A book that it's prone to misunderstandings (especially with Americans, which is further proof that the USA is a paradise for the masses), yet incredibly relevant to the current age - a historical period not separate from the one Ortega y Gasset originally talked about, in which the same phenomenon thrives. Worth reading not just for the main thesis, but for all of the philosophical underpinnings.

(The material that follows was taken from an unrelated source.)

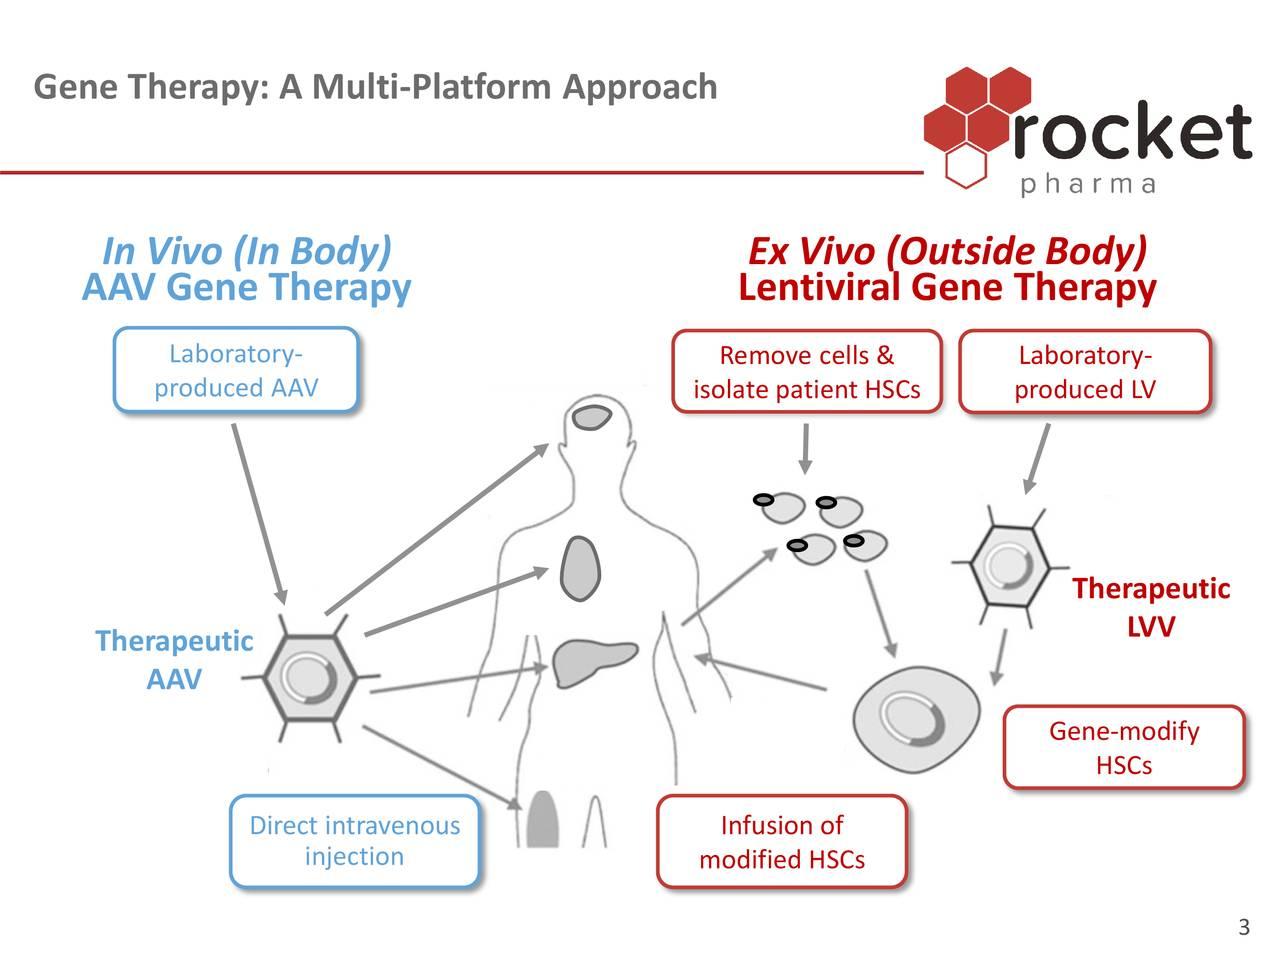 Gene Therapy: A Multi-Platform Approach

This is a summary that does not in no way do justice to the depth of the book but nevertheless: The central thesis is clearly posed in the title – the rise of the masses . By 'masses’ he defines multitudes of people who think in the same way. The rise of the masses has brought a crisis – it’s the triumph of pseudo-intellecutals doing activities that were the prerogative of qualified minorities before. The dominion of the masses is especially clear in the recent political innovations (a hyperdemocracy in which the mass acts directly, outside the law, imposing its aspirations and its desires by means of material pressure). Now, ‘Anybody who is not like everybody, who does not think like everybody, runs the risk of being eliminated’. By rise, he means appropriation and expansion, sprung from a democratic inspiration but turned in arrogant presumptions, which has led to a levelling of the society. The feeling finds correspondence in the increase in the worlds’ possibilities – more precisely, an increase of vital potentiality in a world of comfort; yet ‘we live at a time when man believes himself fabulously capable of creation, but he does not know what to create’. The current society - The Self-Satisfied Age - looks back on the past with a feeling of superiority, and looks ahead expecting always progress. Yet it is disoriented and does not know how to act. And ‘when the mass acts on its own, it does so only in one way, for it has no other: it lynches. It is not altogether by chance that lynch law comes from America, for America is, in a fashion, the paradise of the masses.’

An interesting parallel to be made, I think, is with Vico’s cycles – with us being the declining end before an new one, just like the end of the Roman Empire declined into the middle ages.